• Source material:
========================================

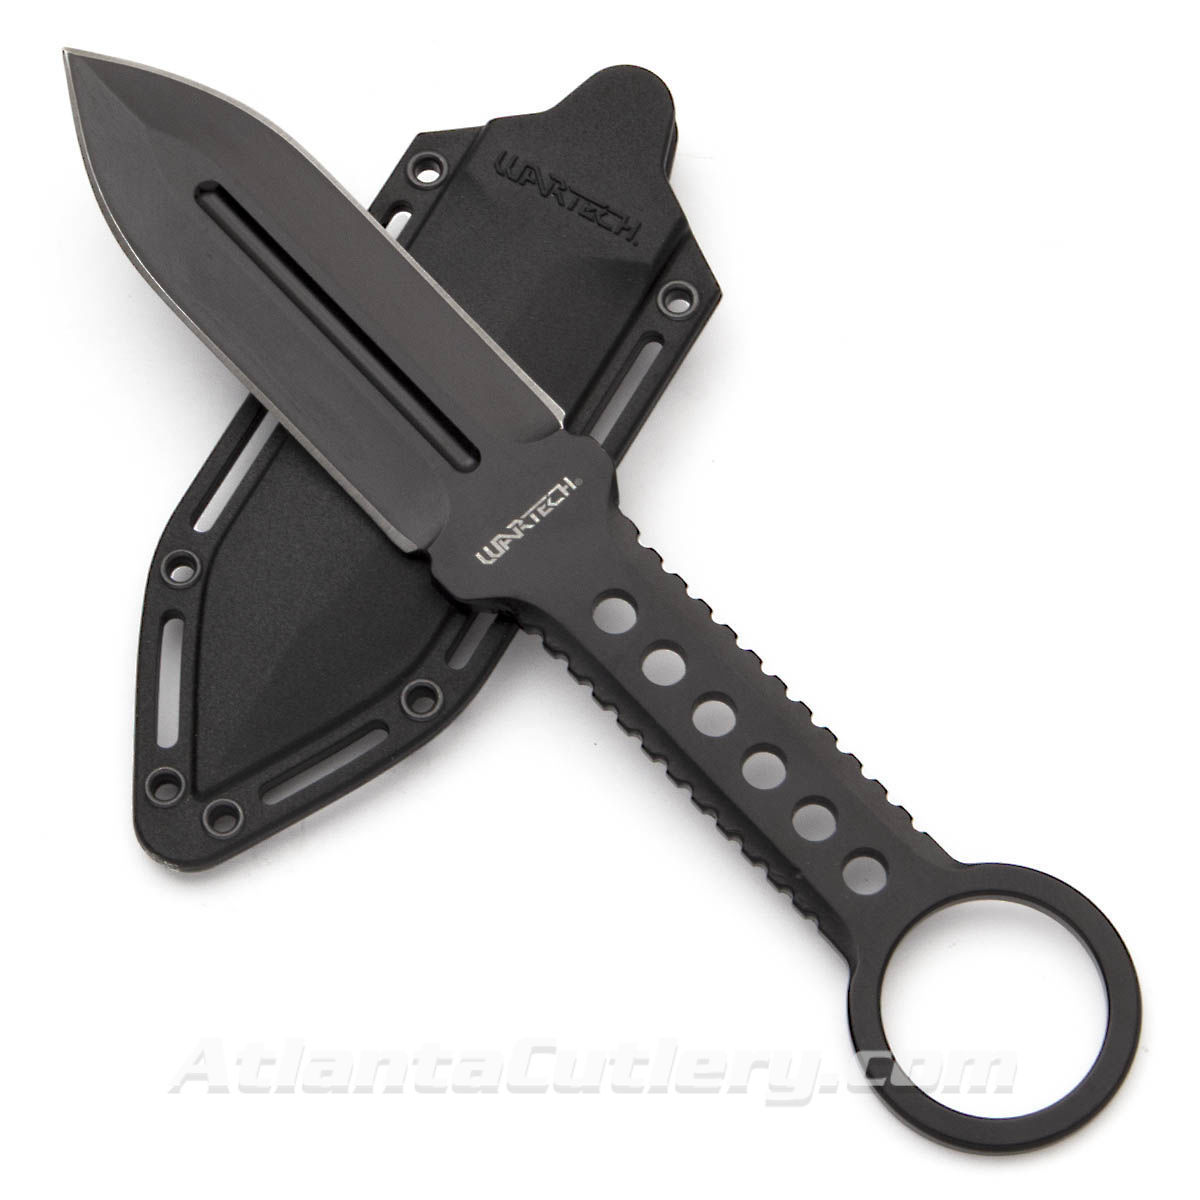 Wartech Black Boot or Belt Dagger includes Kydex sheath
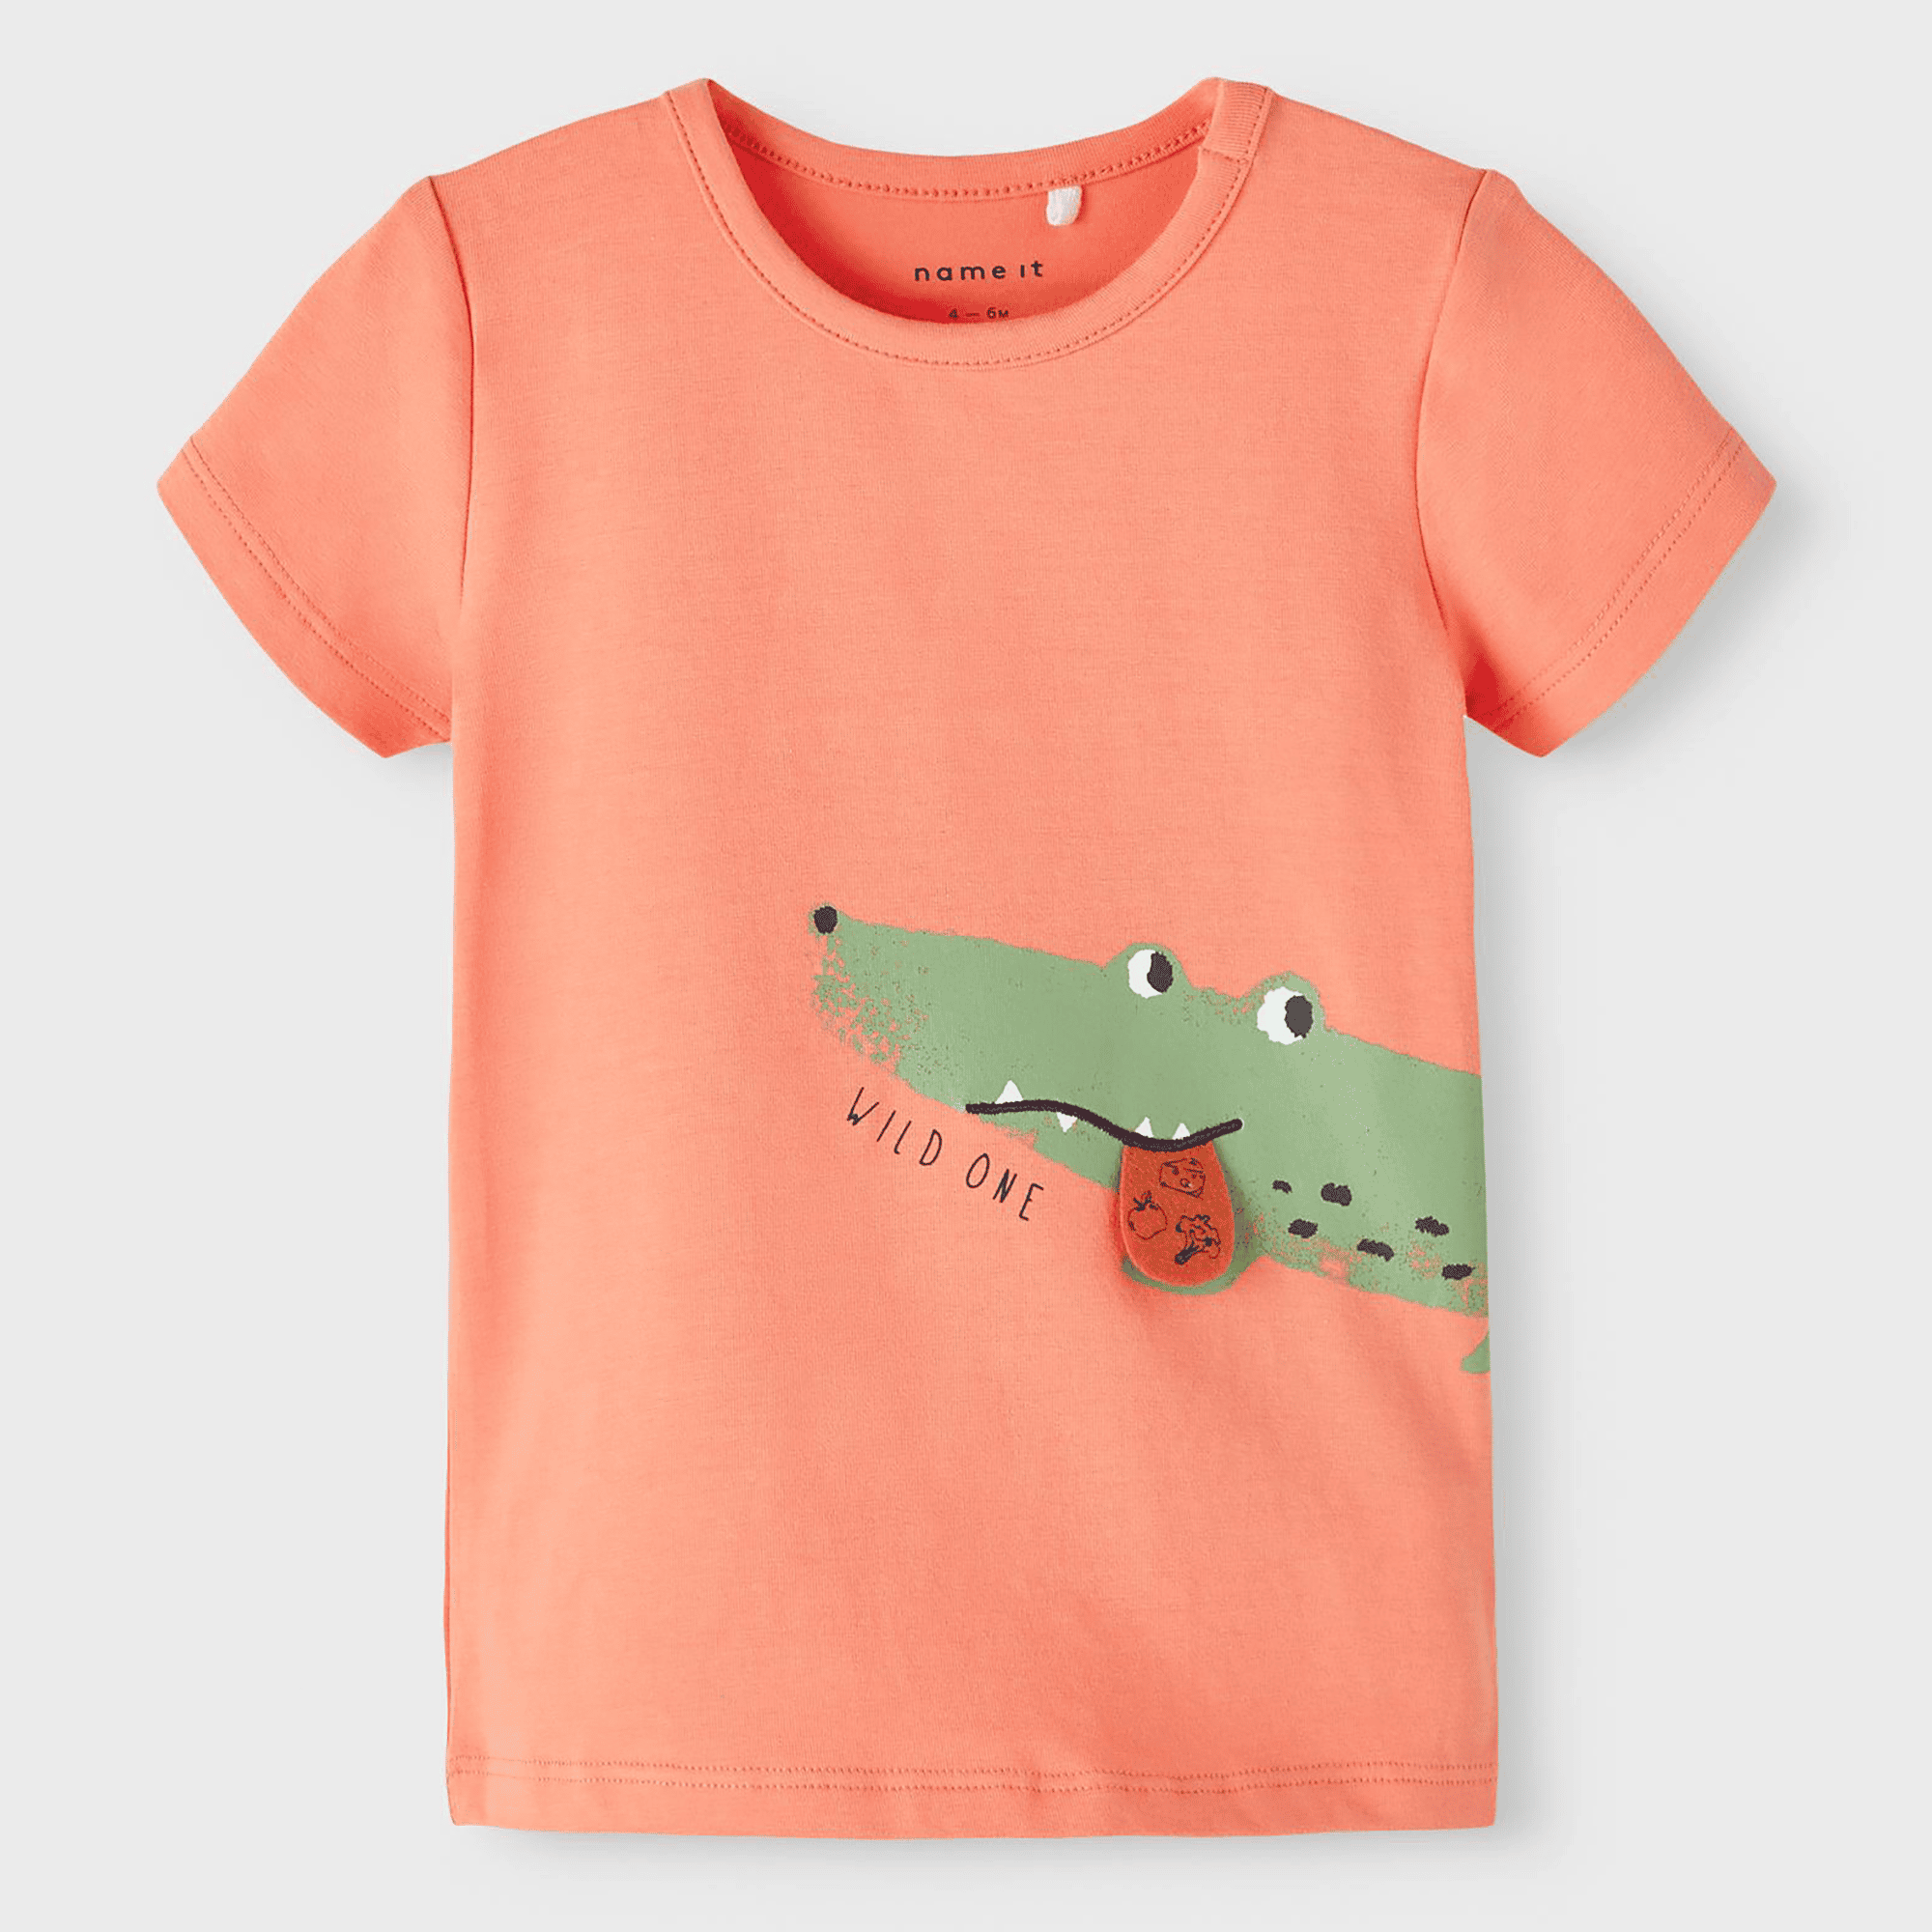 T-Shirt Krokodil name it Orange M2000583919209 1
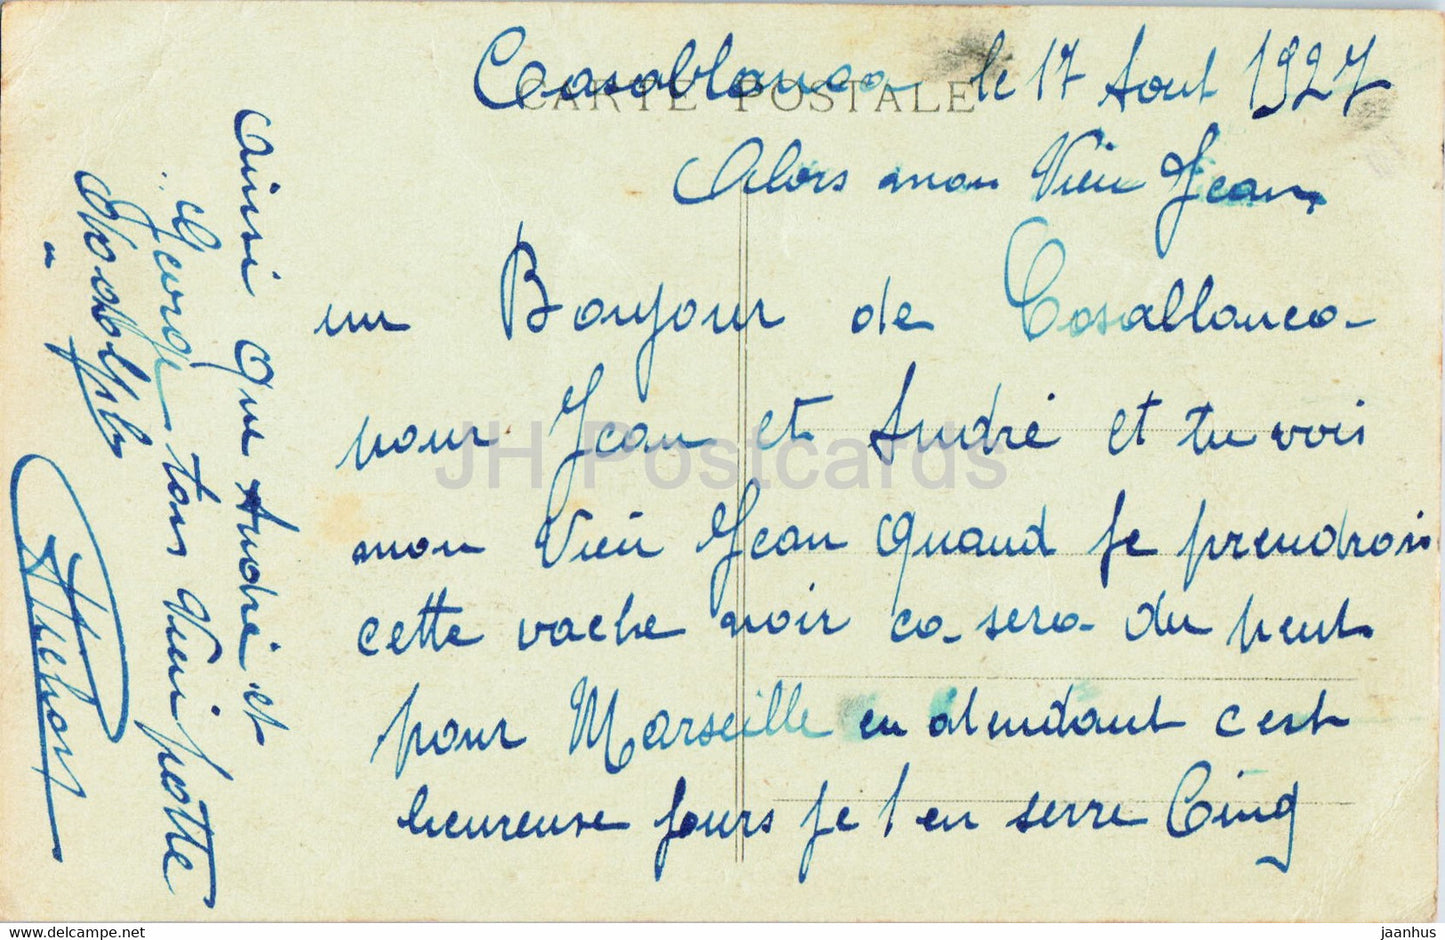 L'Anfa - Courrier de Marseille - ship - steamer - 163 - old postcard - 1927 - France - used
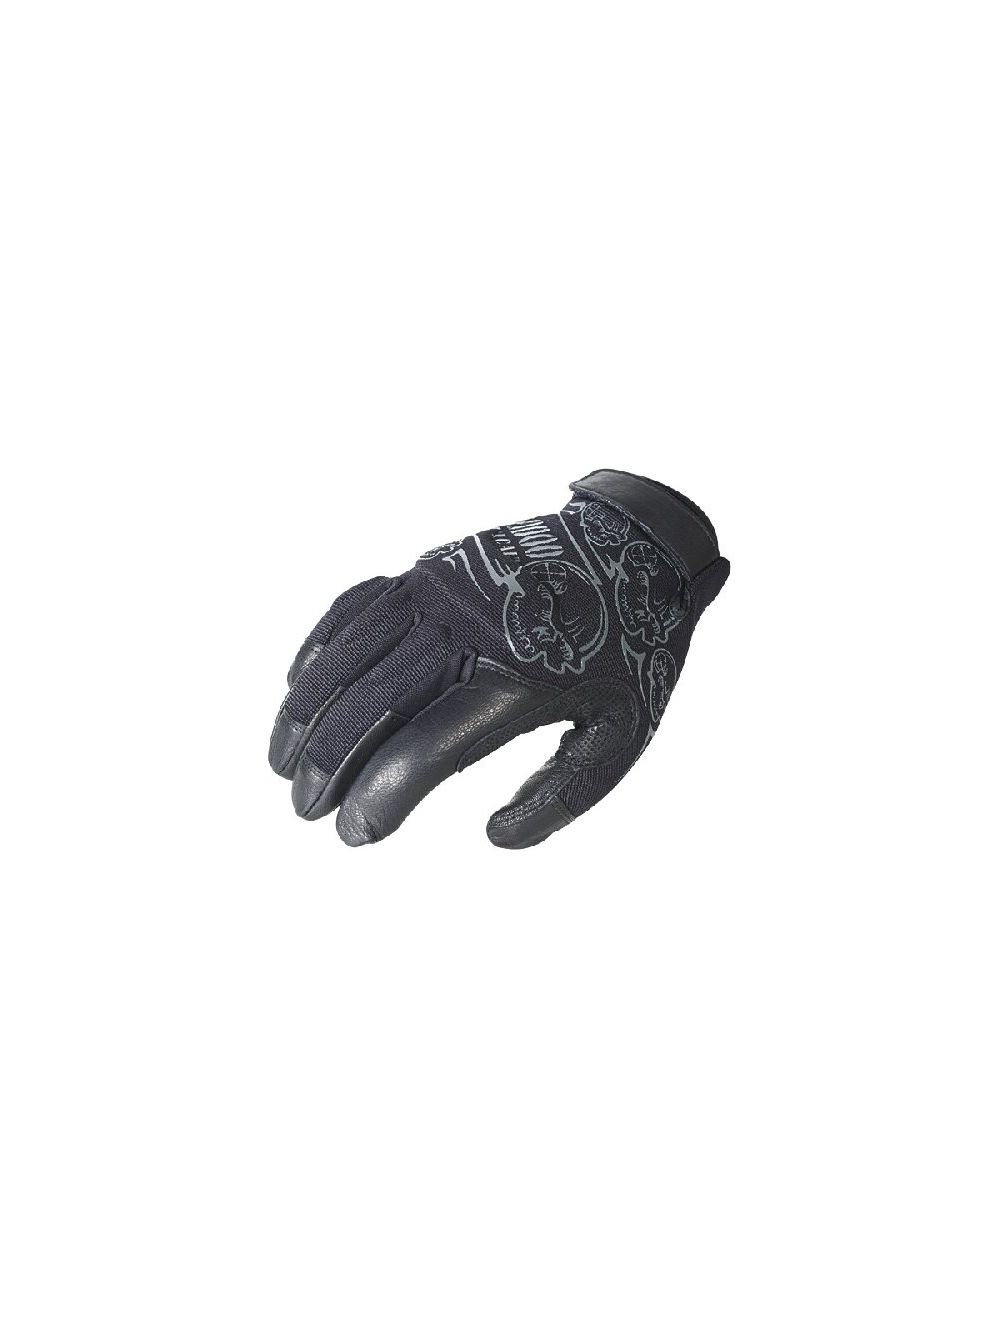 Liberator Gloves

========================================

• Exercise details: Set down the data above word for word, leaving every picture out.

• Finished exercise:
 Wartech Black Boot or Belt Dagger includes Kydex sheath
 T-Shirt Krokodil name it Orange M2000583919209 1
 L'Anfa - Courrier de Marseille - ship - steamer - 163 - old postcard - 1927 - France - used
 Liberator Gloves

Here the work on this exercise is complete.